# Another new sosta at Lake Garda south - 12 euro again!



## Rapide561 (Oct 1, 2005)

Hi

We have discovered a second new sosta at Lake Garda - even better facilities than the one at Peschiera - BUT - close to the motorway.

Full write up, details, directions and pics here

The noise is not that bad in my opinion. There are two units here at present - the other one at Peschiera is almost at capacity.

Russ


----------



## Ditcha (Oct 30, 2010)

Hi Russ, heading to garda late July early August what do you think it will be like then for availability for one night, booked on San Francesco for 7 nights 

Cheers
Dave


----------



## Rapide561 (Oct 1, 2005)

*Sosta*

Well you cannot pre book either sosta - they are turn up and pitch.
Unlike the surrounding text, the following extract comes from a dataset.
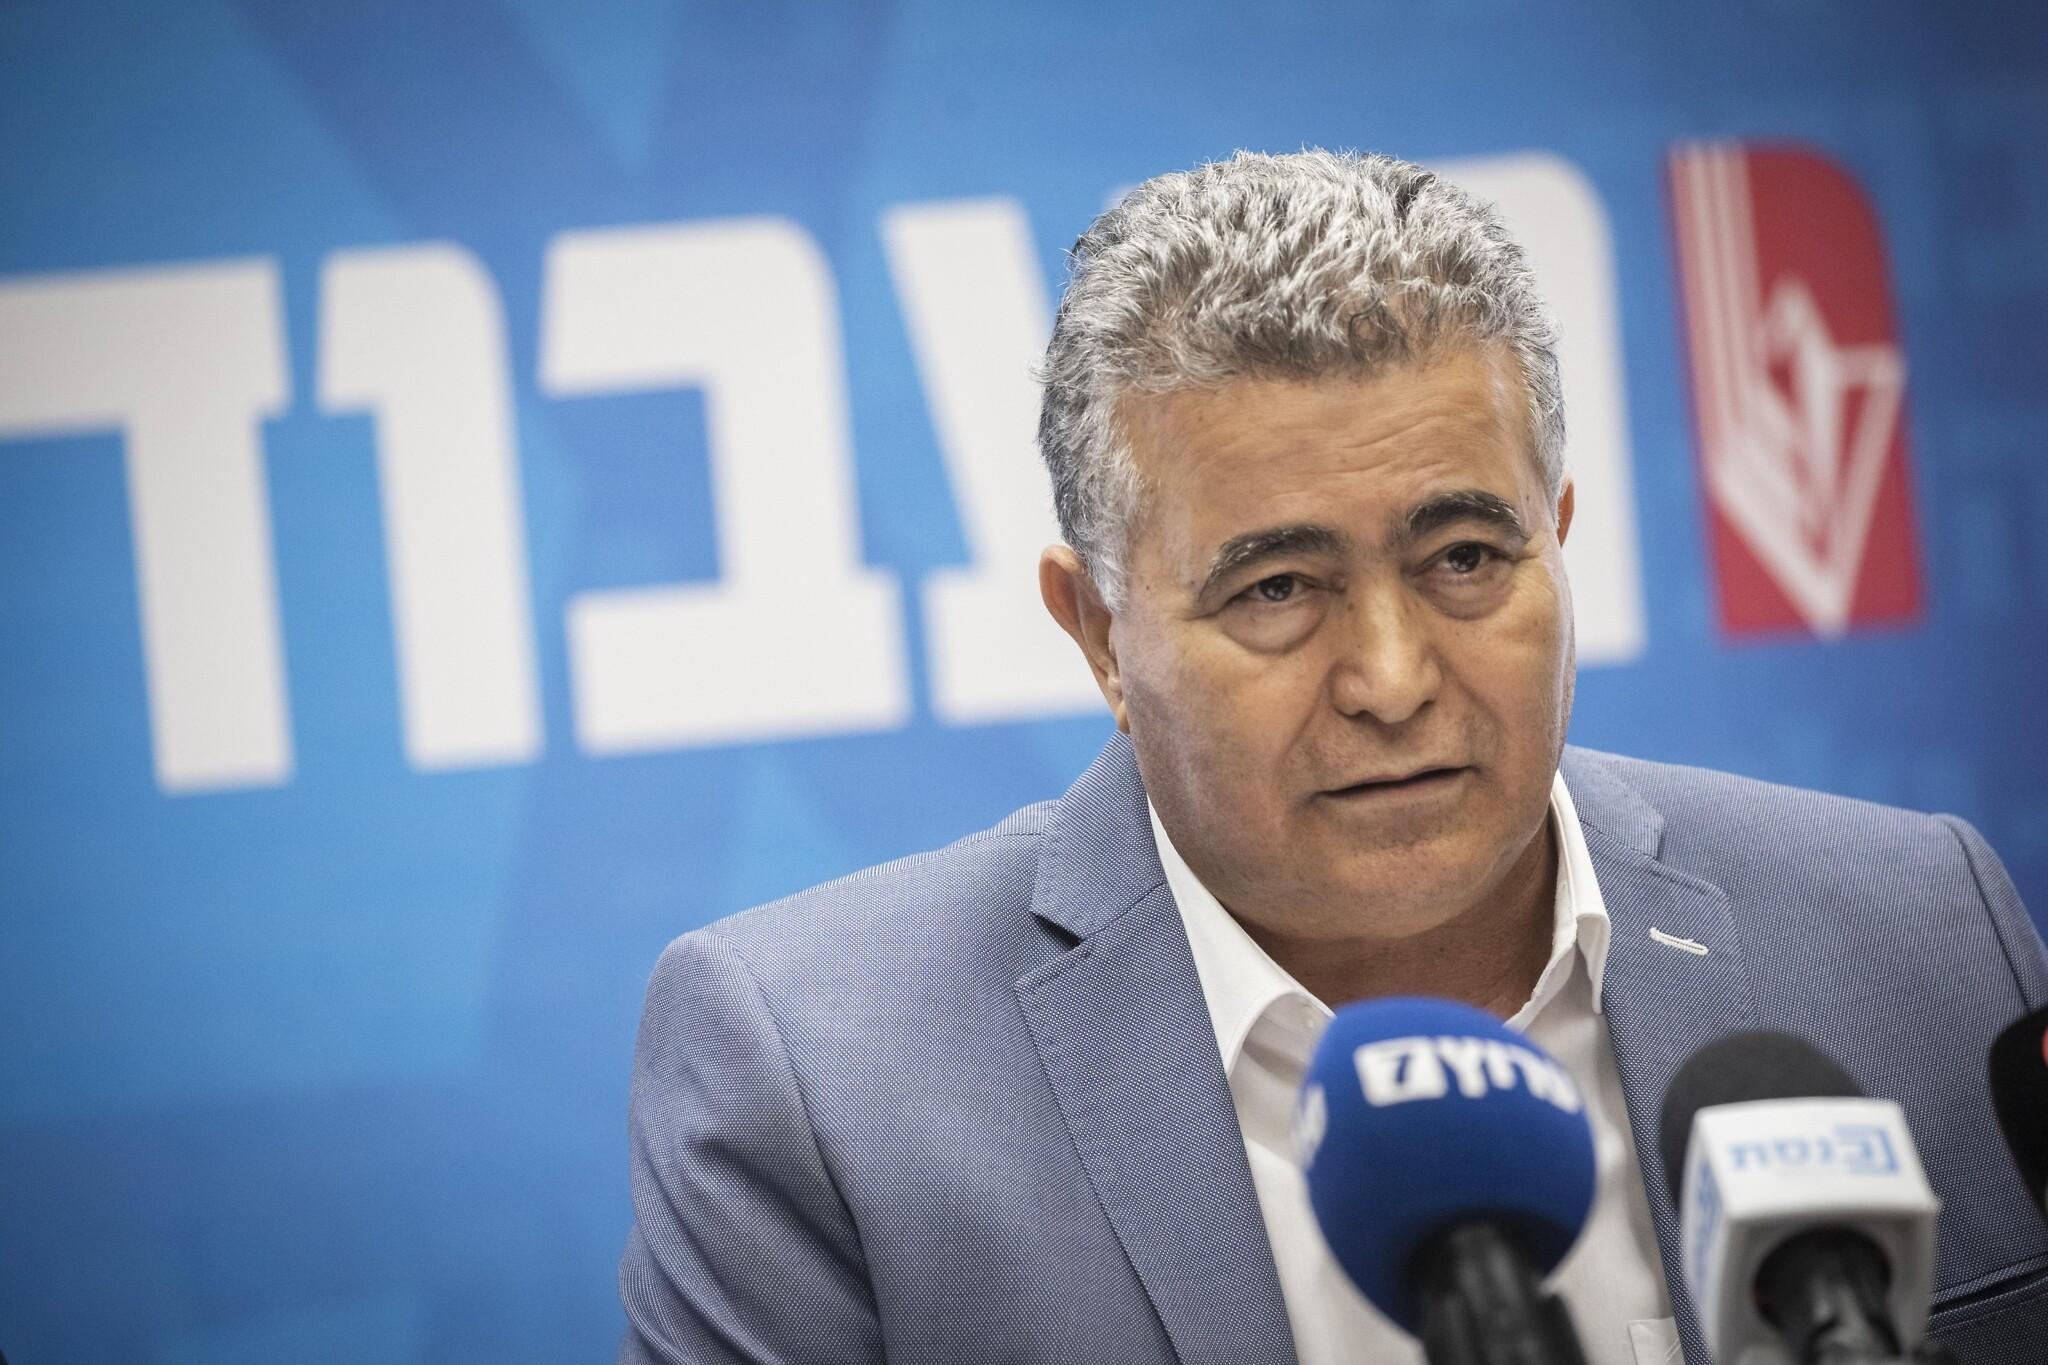 Le Premier ministre israélien Benyamin Netanyahu mis en examen

My guess is Peschiera will be packed, but that Frassino one will be OK

Russ


----------



## MorrisMotorhome (Mar 4, 2009)

Do you know how many spaces there are at the sosta?


----------



## Rapide561 (Oct 1, 2005)

*Sosta*

Hi

At Peschiera, I am told there are 120. At Frassino, there looks to be 100

There are not enough hook ups at Peschiera for 120, so some would be without hook up

We have just met the owner - these two sostas are privately owned.

Russ


----------